WRITTEN UNDER DURESS BY MICHAEL STEIGER
Memo: To the LEO Music Desk:
Please don’t make me do this. I know when you asked me if I was up to reviewing these, I responded enthusiastically. At the time, I fully intended to listen to these discs on the way to Cumberland Falls. I figured it would be a good time to give them my full attention. The fact of the matter is, I made it through about four songs of the Whodini disc. While I enjoyed “Haunted House of Rock,” it occurred to me that I was never a “party” person and, as such, never had much of an ear for the “party music.” It sounded, as my wife reminded me, like a 30-year-old roller rink. To be honest, I was never the Kangol-and-parachute-pants type.
If you’ve never driven several hours with two siblings, I will tell you that parents sometimes have to resort to drastic measures to keep the peace. Outside of Lexington, I heard myself bark a sentence I prayed I’d never have to use: “If you little monsters don’t pipe down, I’m going to play the Fresh Prince CD!” It worked, so I never got around to listening to it.
The Marvin Sease disc held promise. I missed his first wave of popularity, but I knew his reputation for singing nasty Southern soul with double-entendre lyrics that would supposedly cause his female fans to spontaneously combust.

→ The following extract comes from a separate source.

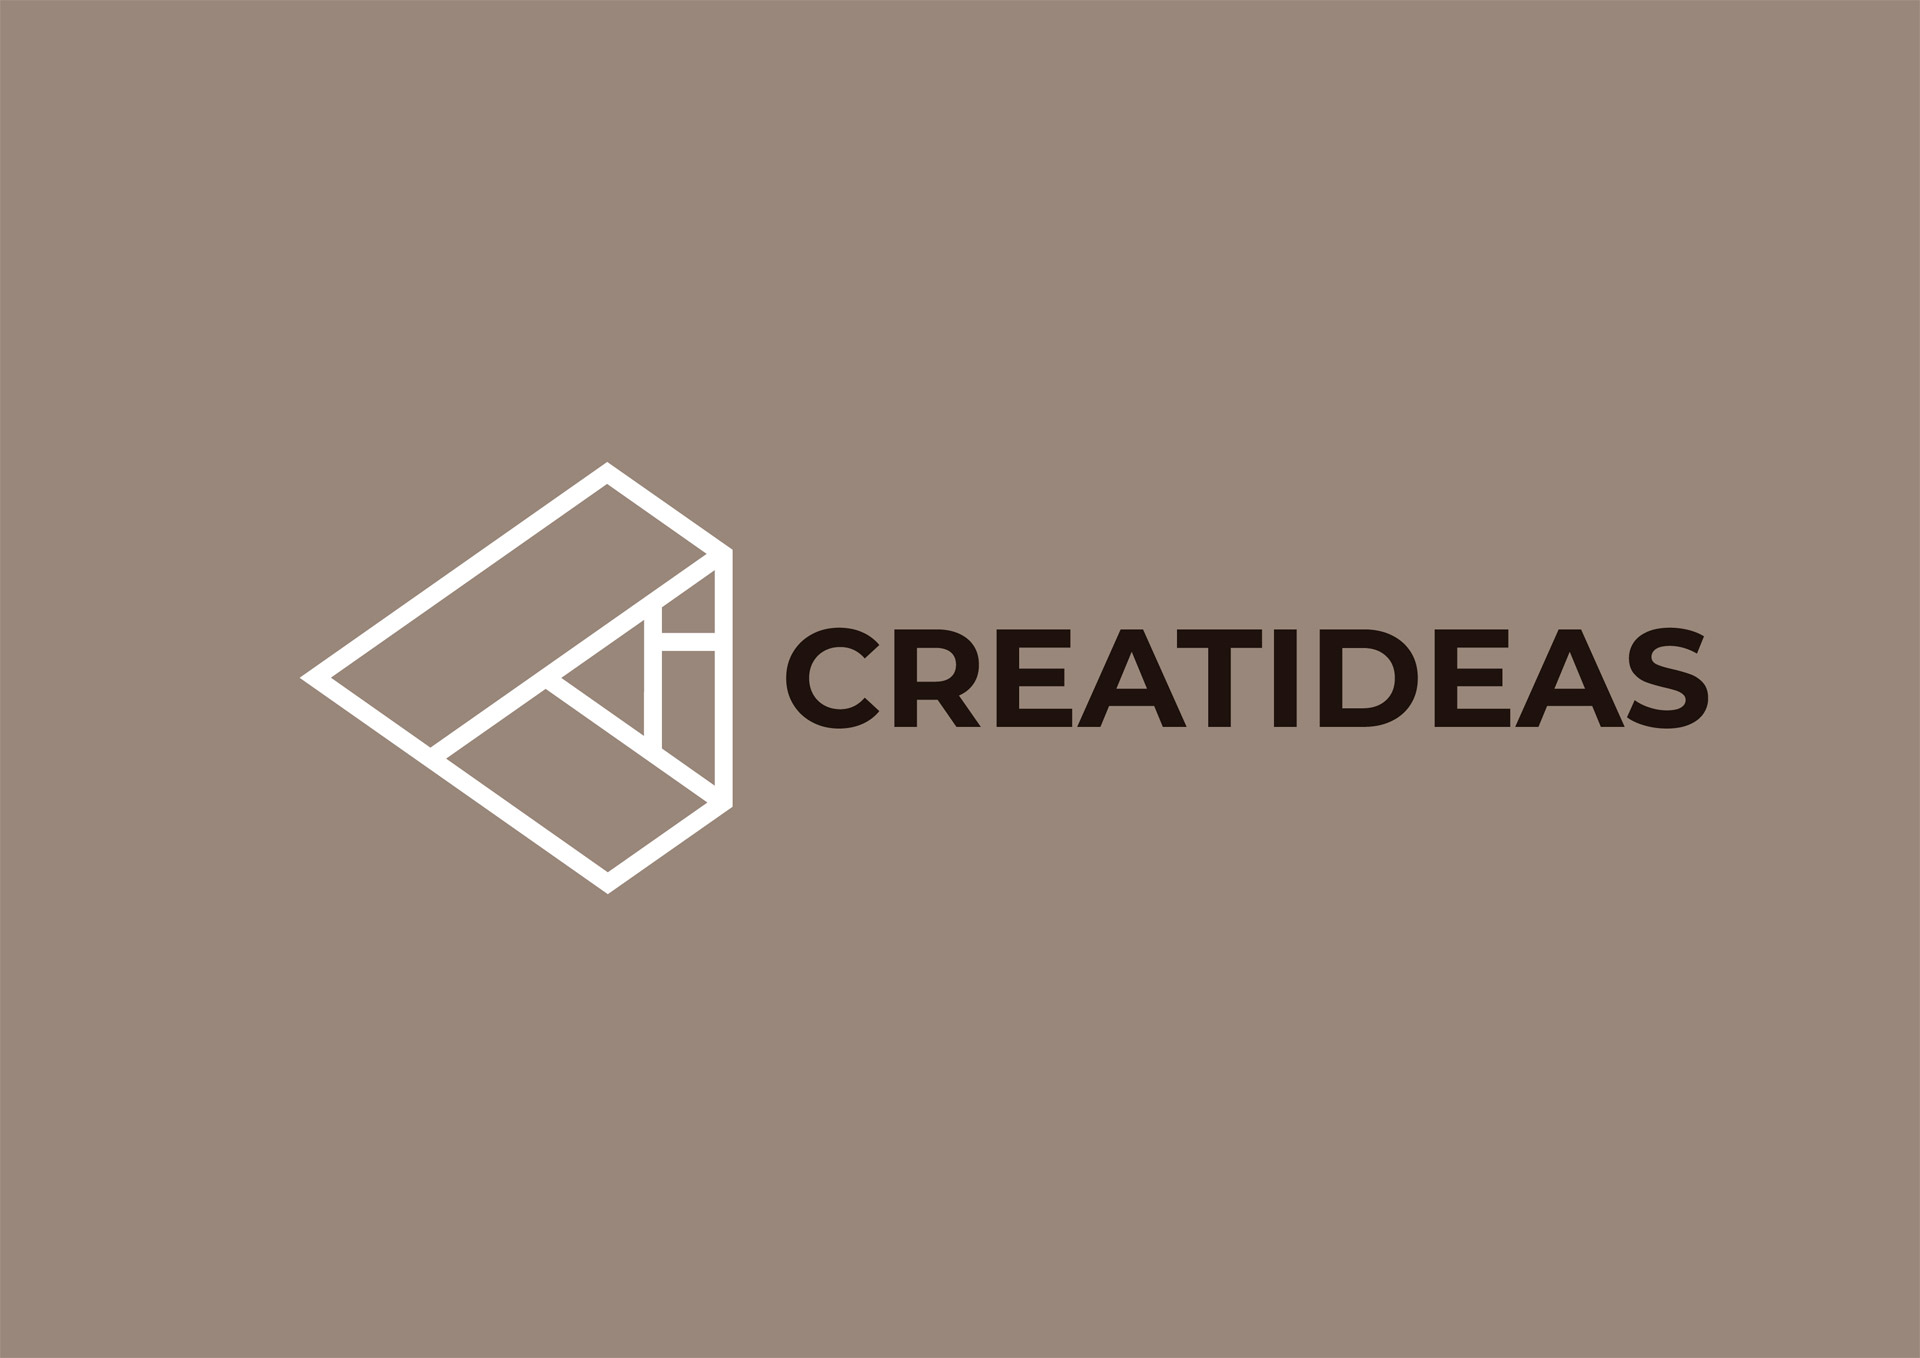 Creatideas general 2021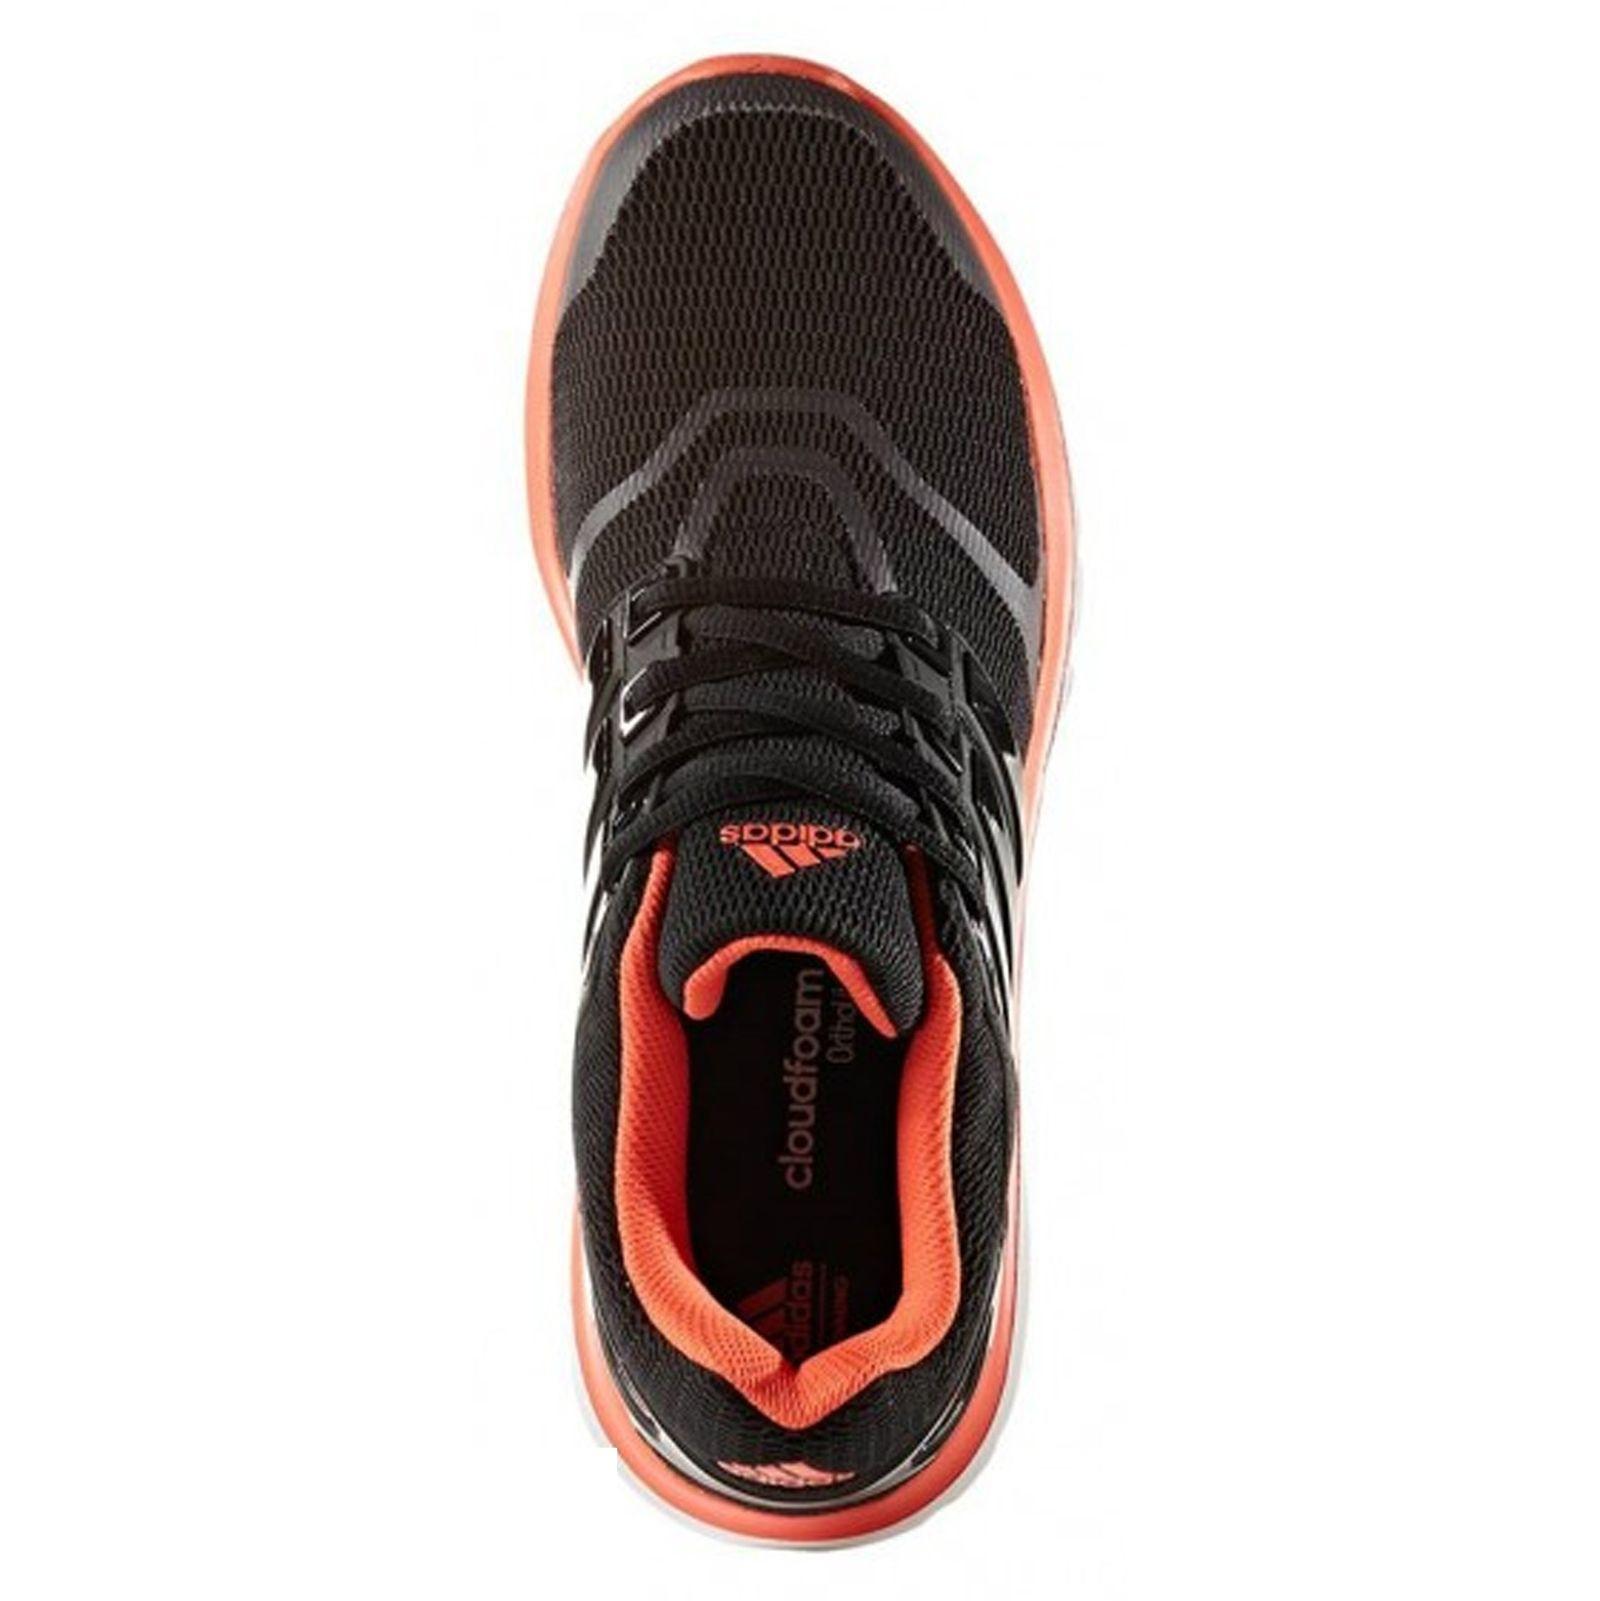 کفش دویدن بندی زنانه Energy Cloud V - آدیداس - مشکي و نارنجي - 2

I had no idea that thinly-veiled songs about cunnilingus could have that effect.
Needless to say, I was intrigued. I noticed, however, in the cover photo, Marvin’s pleated trousers had “bloused.” It happens with pleats. They bunch up when you sit down. You can’t really avoid it. I couldn’t get over the fact that he appeared (shudder) tumescent. (Note: I kind of threw up in my mouth just typing that.)
A quote then popped unbidden in my mind. It repeated and echoed and repeated some more like some
mid-’80s Cabaret Voltaire megamix: “WHO WANTS A BODY MASSAGE?”
I was unable to speak another word until we reached Corbin, although my concerned wife suggested that I whimpered occasionally. I insisted I was merely singing along with the radio ever so quietly.